"I'M the king of Belfast," Lewis Crocker roared after his victory over Tyrone McKenna as he claimed the WBA Continental Europe welterweight title in convincing fashion at the SSE Arena on Saturday.

'The Croc' claimed a unanimous decision verdict (100-90, 100-90, 98-92) and the WBA Continental Europe title along with it as he improved to 18-0, handing McKenna his fourth career loss.

It was a night in which Crocker came of age, proving he had the temperament for the big occasion and also to remain composed having thrown everything at McKenna early but unable to budge the West Belfast man.

There have been some crackling atmospheres at the Belfast venue over the years, but given this was a local derby, it was even more special, the noise during the introductions almost deafening.

It was a special night and on in which both men played their full part in during the build up and over the 10 rounds.

"I said in the face-off that I would rather die than lose this fight," Crocker said.

"That's how much it meant to me - this was about pride.

"I said all week I have never been as confident going into a fight.
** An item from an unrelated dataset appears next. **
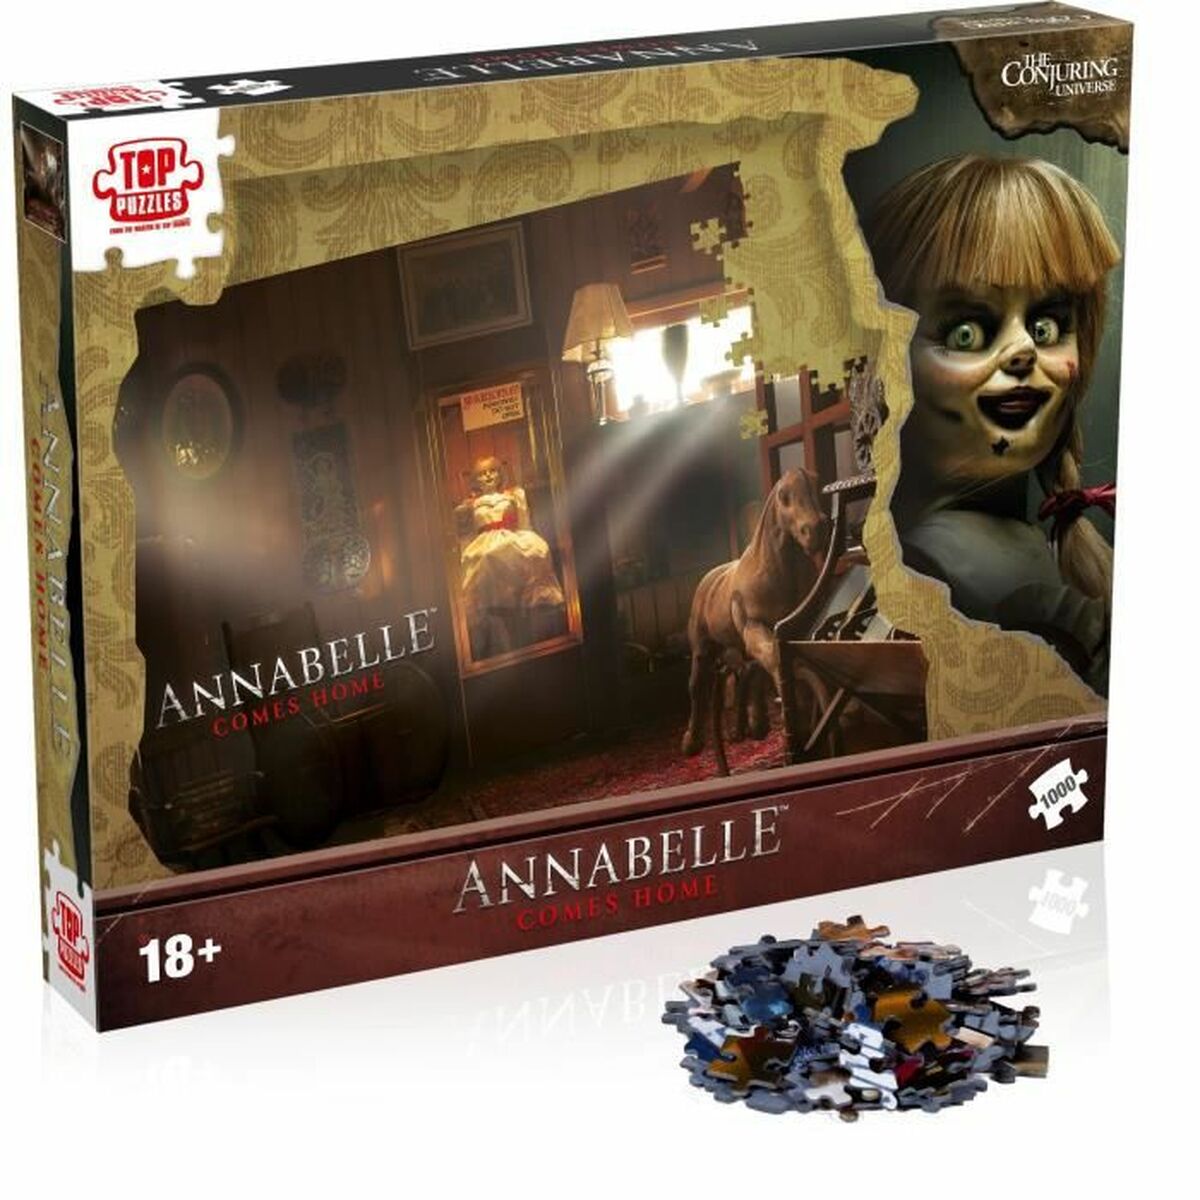 Puzzle Winning Moves Annabelle 1000 Pezzi

Tyrone said about the experience, but I went out there and had the mindset of a champion. Hopefully there are more big nights like this."

McKenna began by popping out his long southpaw jab, but Crocker was absolutely ruthless in the first three rounds, loading up with heavy fire, varied from body to head and uppercuts when in range.

But that dominance wasn't quite as pronounced in the fourth with McKenna enjoying more success and the fire coming his way not with the same venom as earlier.

Was is a case of having a round off? Well, McKenna was growing in confidence either way and his wish for a fight in the trenches began to emerge with both trading up close. Crocker did sense he had stung him to the ribs, pouring forward in the final seconds of the fifth and whilst well on top, McKenna was quite out of it either.

There was plenty of posturing from both, Crocker doing a little jig towards the end of the sixth after another round where he was on top but another in which McKenna took everything coming his way.

It was more of the same in the seventh with McKenna refusing to budge and although he was having his moments, there were not enough of them with Crocker now well ahead on the cards.


Could McKenna find something to turn this around in the final rounds? He certainly tried early in the eighth, but just didn't have enough to flip the script with Crocker again loading up and looking a little frustrated at times when tied up.

Crocker went for it in the final round, but McKenna was going nowhere and perhaps deservedly heard the final bell given all he had put into this. It was a moral victory in a way but not the one he wanted as Crocker and his big support were celebrating a big win on a huge night.

"There always was respect," Crocker said about the rivalry with McKenna.

"It's just that when we were fighting each other and everything on the line tonight, but after there is no bad blood.

"He could have took a different fight for more money, but he took it and showed his b***s again tonight."

McKenna has since announced that this was his last dance as he has called time on his career that saw him mix it with some of the best names in the sport.

He can bow out with his head held high having never shirked a challenge, but it's time to pass the torch on.

"That's it for 'The Mighty Celt', people," he confirmed.

"I've given a lot to this sport and got way further than I ever thought possible when sleeping on the floors in Philly (early in his career). I never thought I'd be in some of the huge nights I was part of.

"I set out to try and become the most entertaining man in Ireland, always taking the hardest fights put to me even when I didn't have to. I had some amazing nights with you all, win, lose or draw. I hope I did you all proud. The one title no one will take any time soon is the hardest man in Ireland."